Hopper架构特性：DistributedSharedMemory 作者：吃果冻不吐果冻皮来源：吃果冻不吐果冻皮 ####**【点击】加入大模型技术交流群** 原文：https://zhuanlan.zhihu.com/p/708645371 最近 FlashAttention3 爆火，看了下其中的技术报告，发现大量使用了 NV Hopper 架构的新特性。Ho

Hopper架构特性：DistributedSharedMemory

By AiBard123
August 12, 2024 - 2 min read

作者：吃果冻不吐果冻皮来源：吃果冻不吐果冻皮

原文：https://zhuanlan.zhihu.com/p/708645371

最近 FlashAttention3 爆火，看了下其中的技术报告，发现大量使用了 NV Hopper 架构的新特性。Hooper 架构围绕影响并行程序性能的两个关键因素进行设计，分别是数据局部性以及异步执行。所以 Hopper 架构（https://developer.nvidia.com/blog/nvidia-hopper-architecture-in-depth）针对这两个关键因素，在软件层提供了两方面的编程能力：

新线程、显存层次：通过新增 Thread Block Cluster 这一线程层次，提供跨 Thread Block 的 Shared Memory 访问。开发者可以基于 Thread Block Cluster ，利用 Distributed Shared Memory 实现高效的多 Thread Block 的协同运行；
访存计算异步执行：Hopper 在硬件层提供了 TMA 单元，在软件层可以通过 cuda::memcpy_async 使用 TMA 单元实现异步的 Global Memory 和 Shared Memory 之间的拷贝。

本文主要学习 Thread Block Clusters，研究如何基于 Distributed Shared Memory 实现多 Thread Block 的协同运行。

1. Thread Block Clusters 的前世今生

1.1 Hooper 架构前的 GPU 线程结构

一直以来，GPU 的线程结构都是三层结构，自底向上分别是 Thread（线程）、Thread Block（线程块）以及 Grid（网格），如下图所示。Grid 是最上层的结构，Grid 中所有线程可以访问 Global Memory 的内容。一个 Grid 由多个不同的 Thread Block 组成，每个 Thread Block 有一块 Shared Memory，同一个 Thread Block 中的所有线程可以通过 Shared Memory 交换数据，在软件层可以通过__syncthreads()等 API 实现同步操作。

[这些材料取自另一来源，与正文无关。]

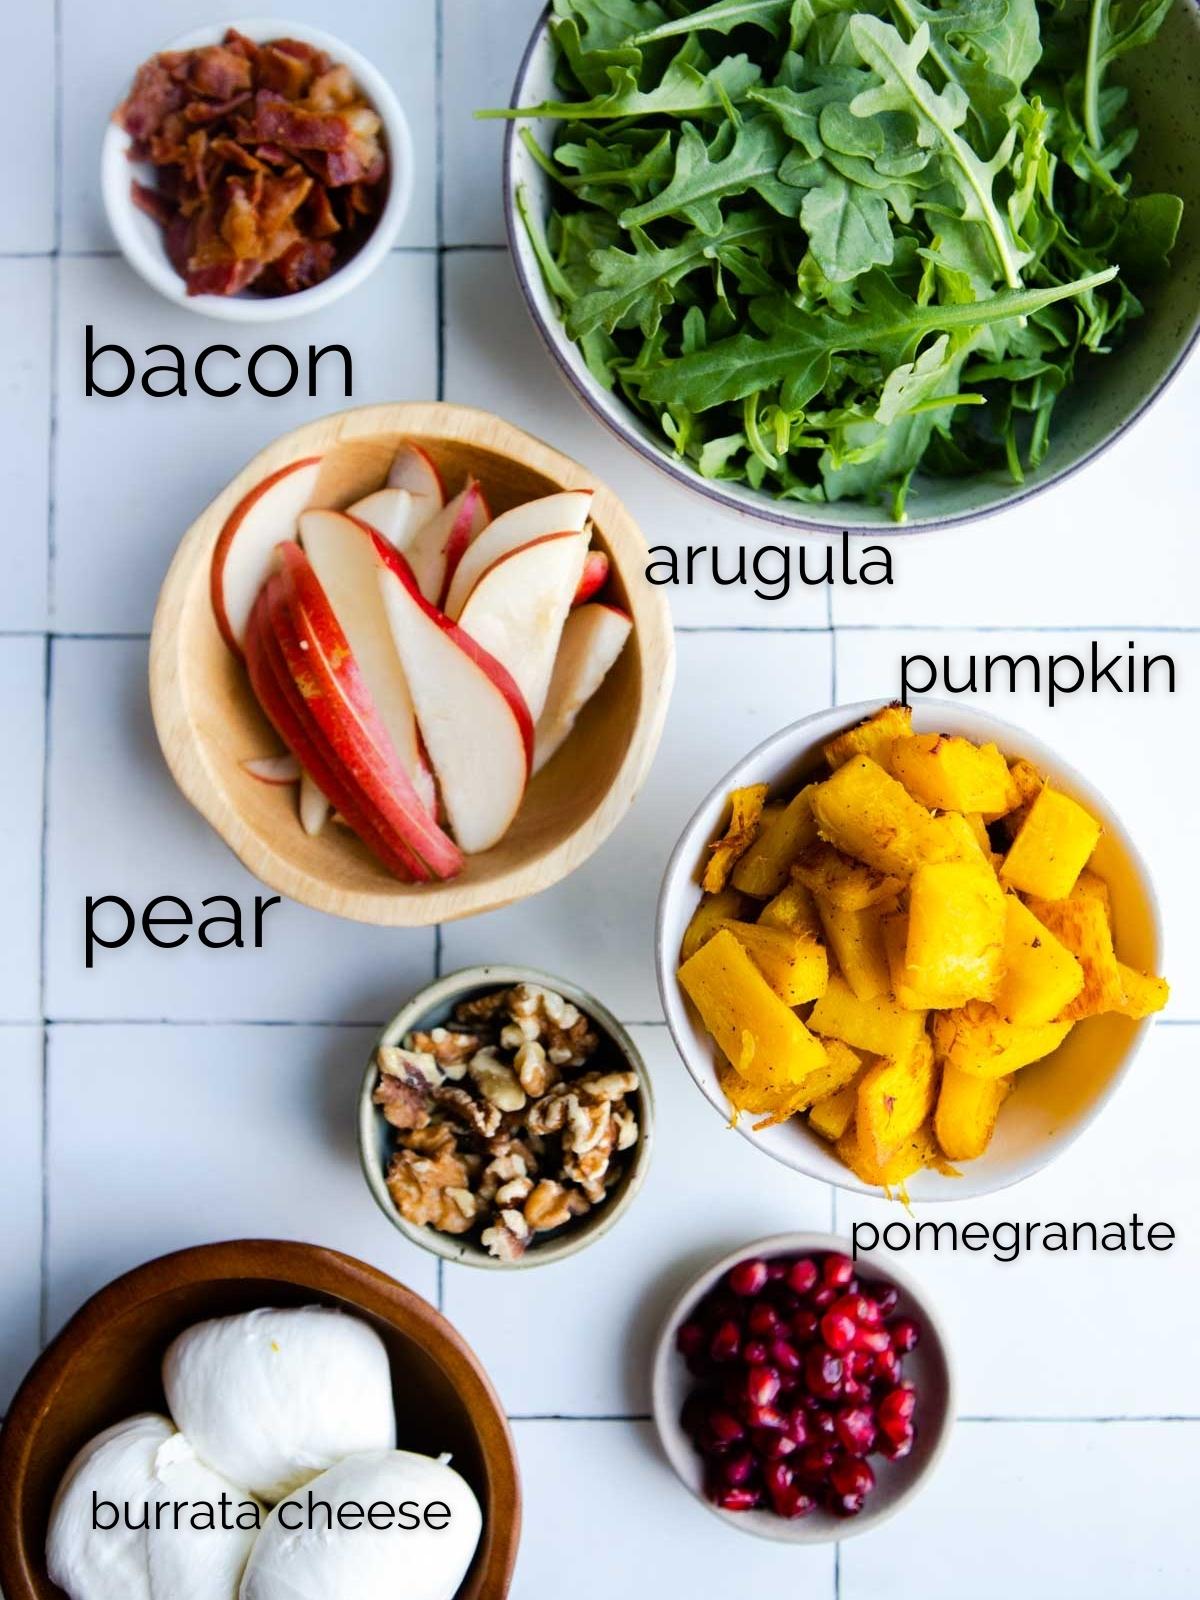 roasted pumpkin, sliced bacon, sliced pear, burrata, pomegranate seeds and walnuts and arugula in small round bowls ready to make a salad

与线程层次对应的是显存层次，不同层次的线程可以访问不同层次的显存。如上所述，Grid、Thread Block 以及 Thread 对应可以访问的分别是 Global Memory 、Shared Memory 以及 Register / Local Memory。其中 Global Memory、Local Memory 是片外（off-chip）存储器，Shared Memory 和 Register 属于片内（on-chip）存储器。不同层次的显存访问延迟不同，以 PCIE 80GB 的 H800为例，其 Global Memory 的访问延迟约为 478 个时钟周期，Shared Memory 的访问延迟约为 30 个时钟周期，Register 约为 1 个时钟周期。由于不同的存储器访问延迟差距较大，如果我们在编程的时候可以利用片内存储器降低访问延迟，就可以提升 Kernel 的性能。庆幸的是，在 GPU 编程中，CUDA 为 Shared Memory 提供编程接口，这使得开发者在设计 Kernel 实现时，可以利用 Shared Memory 访问延迟低的特点加速 Kernel 的性能。所以在 GPU 编程中，Kernel 的设计是以 Thread Block 这个粒度展开的。但这样会导致两个问题：

1.单个 Thread Block 处理的数据规模有限，原因是 Shared Memory 的容量有限。还是以 PCIE 80GB 的 H800为例，其Global Memory 大小为 80GB，而每个 Thread Block 最大可用 Shared Memory 仅 227 KB。这使得单个 Thread Block 为了使用 Shared Memory加速性能时，只能处理一个数据规模较小的子任务。任务规模一旦变大，Shared Memory 不够用，Thread Block 就只能用高访问延迟的 Global Memory 完成任务，导致 Kernel 性能降低。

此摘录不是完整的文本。